Let's break down the key concepts discussed in the article:
-
Yahoo Finance's Data Retrieval: The article starts by highlighting Yahoo Finance as a valuable source for financial market information, focusing on stock trading data. To retrieve specific stock information, users can search for the stock's Yahoo code on the platform.
-
Historical Price Series: The primary interest lies in the historical price series, which can be obtained for free on Yahoo Finance. The article acknowledges the discontinuation of Yahoo Finance's API and mentions the existence of non-official APIs, such as the one provided by RapidAPI.
-
Simulating Button Clicks: Due to the absence of an official API, the article proposes a method to simulate the click of the "Apply" and "Download" buttons on Yahoo Finance's website. This involves constructing a query with specific parameters, including the stock code, time period, and frequency.
-
Time Period Representation: An interesting observation is made regarding the odd behavior of Yahoo Finance's website when selecting a time period. The article emphasizes the need to map the desired time period into the URL generated by the "Download" button.
-
Time Representation in Yahoo Finance: Yahoo Finance represents time as the number of seconds since the beginning of 1970 (UTC). The article demonstrates how to convert date values to this format using R's POSIXct class.
-
Assembling the Query: The article provides R code to assemble the query URL, incorporating the stock code, start and end dates, interval, and events. The resulting URL is then used to download the historical data in CSV format.
-
Downloading the Data: Two approaches to download the data are presented. One involves directly reading the CSV data into a data frame, while the other suggests saving the dataset locally for future use.
-
Handling Redundancy and Offline Usage: The article acknowledges two issues: downloading the same dataset every time the code is run and the need to save the dataset for offline use. Solutions include saving the dataset locally and reading it when needed.
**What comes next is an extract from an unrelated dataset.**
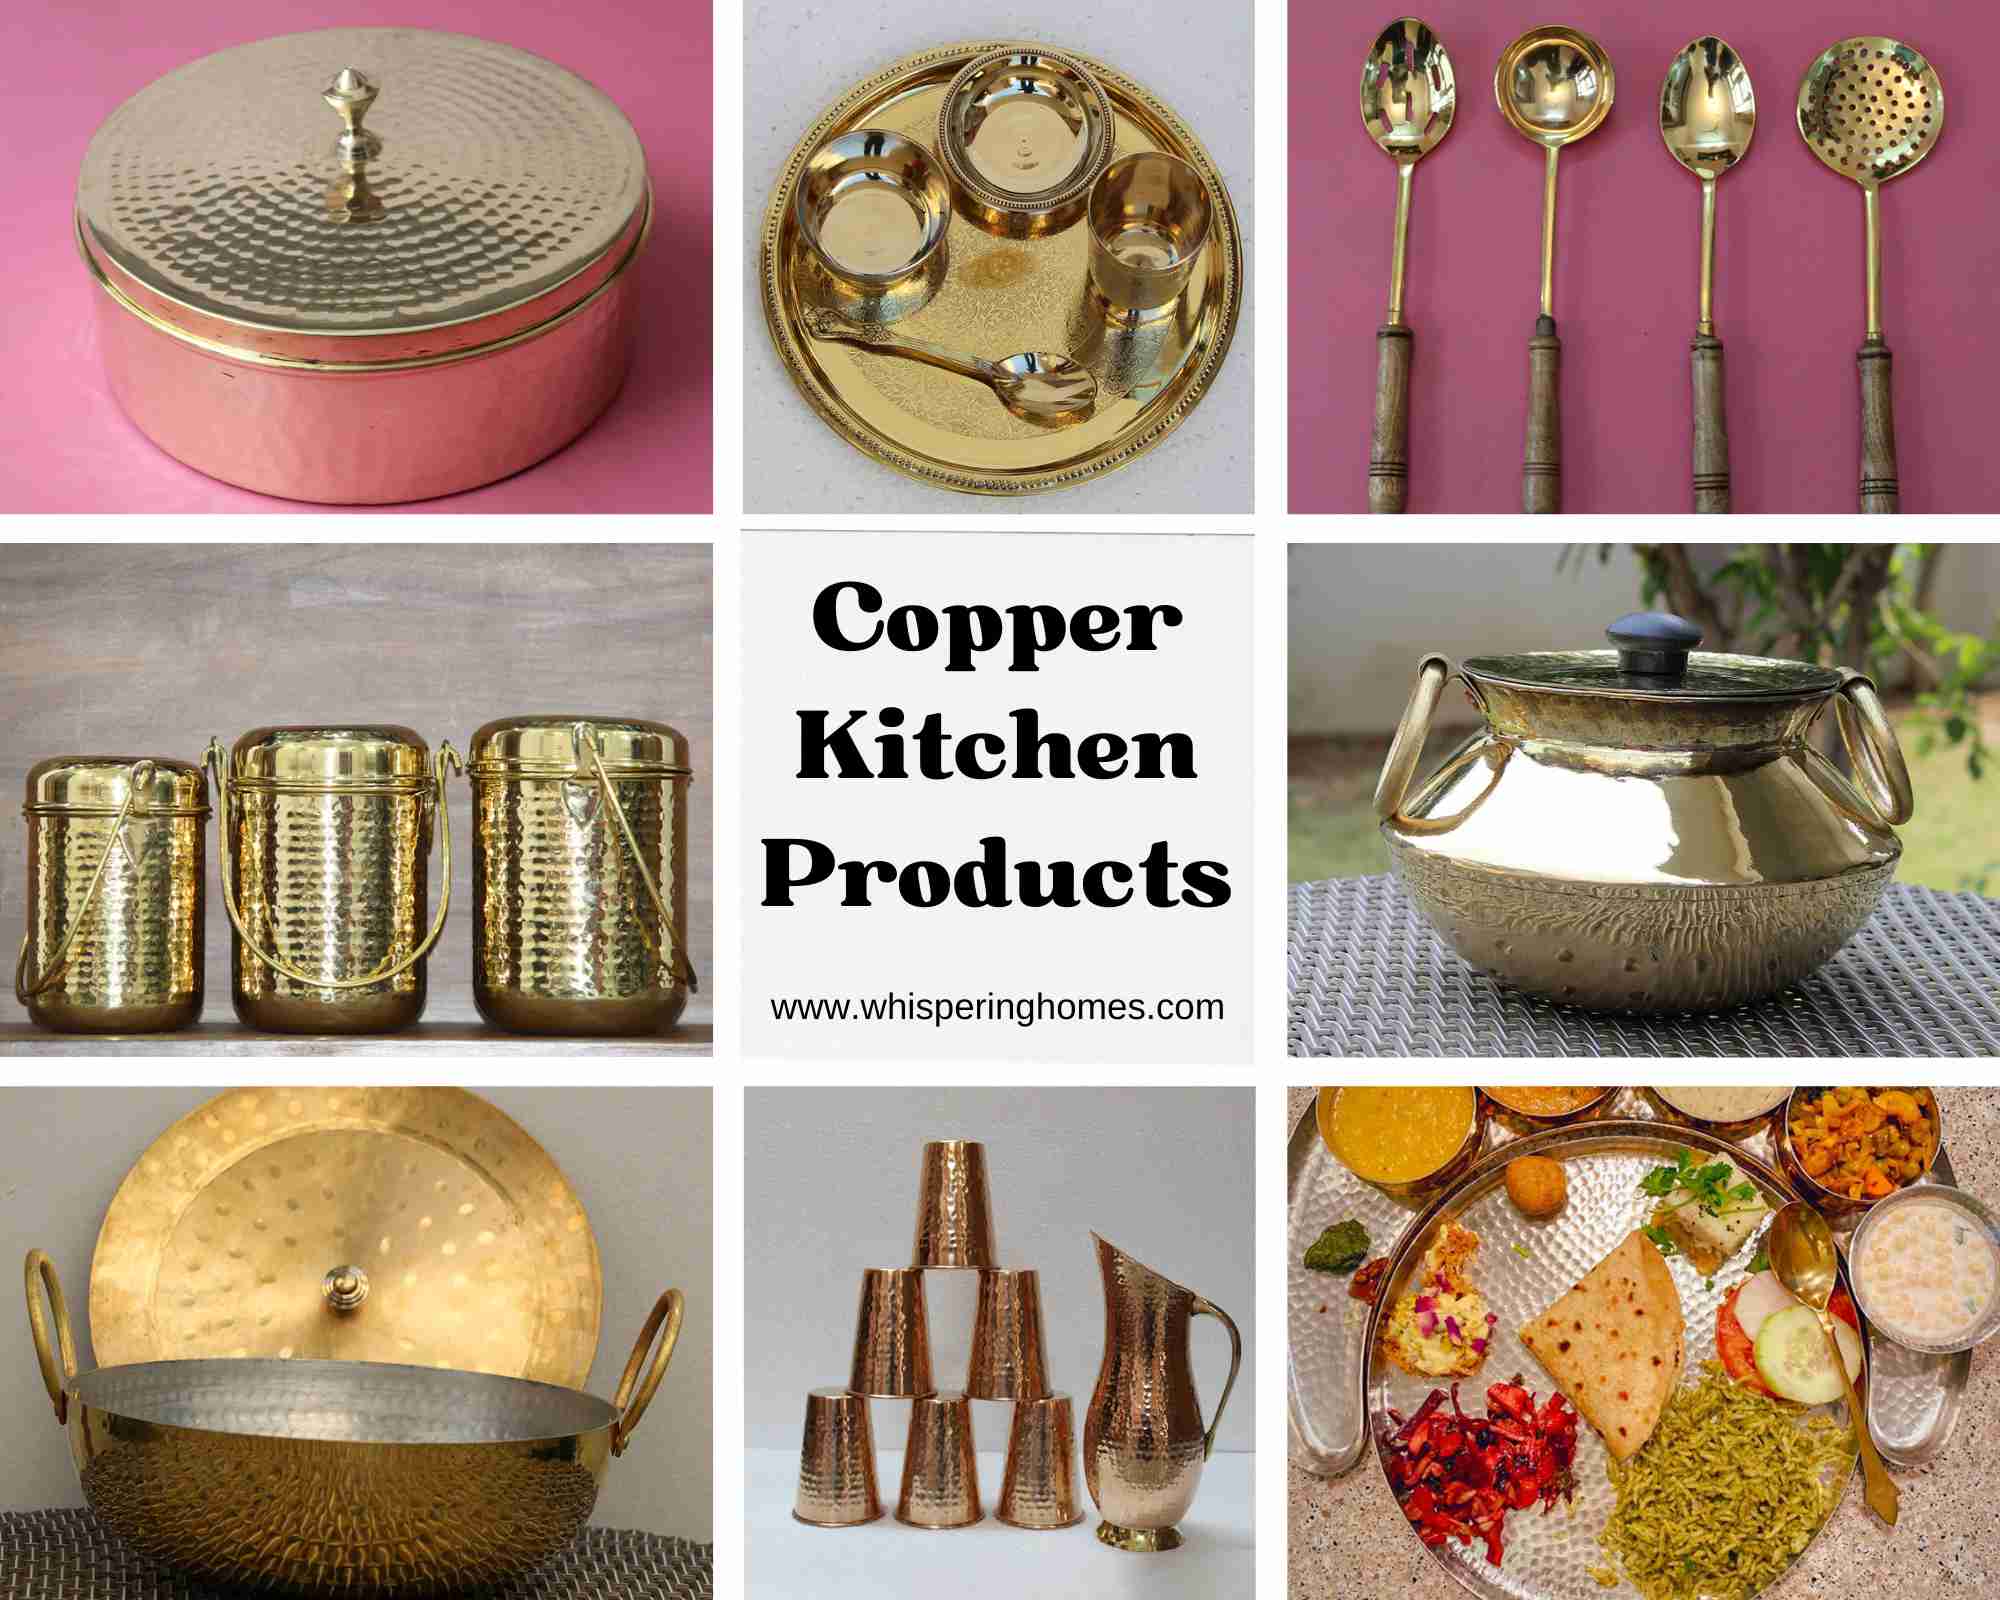 From Kitchen to Wellness : Health Benefits Behind Copper Cookware

By thoroughly understanding and implementing the concepts presented in this article, one can proficiently retrieve and manipulate historical stock price data from Yahoo Finance using R. The demonstrated expertise in handling financial data and navigating web-based data sources adds value to the overall understanding of programming in a financial context.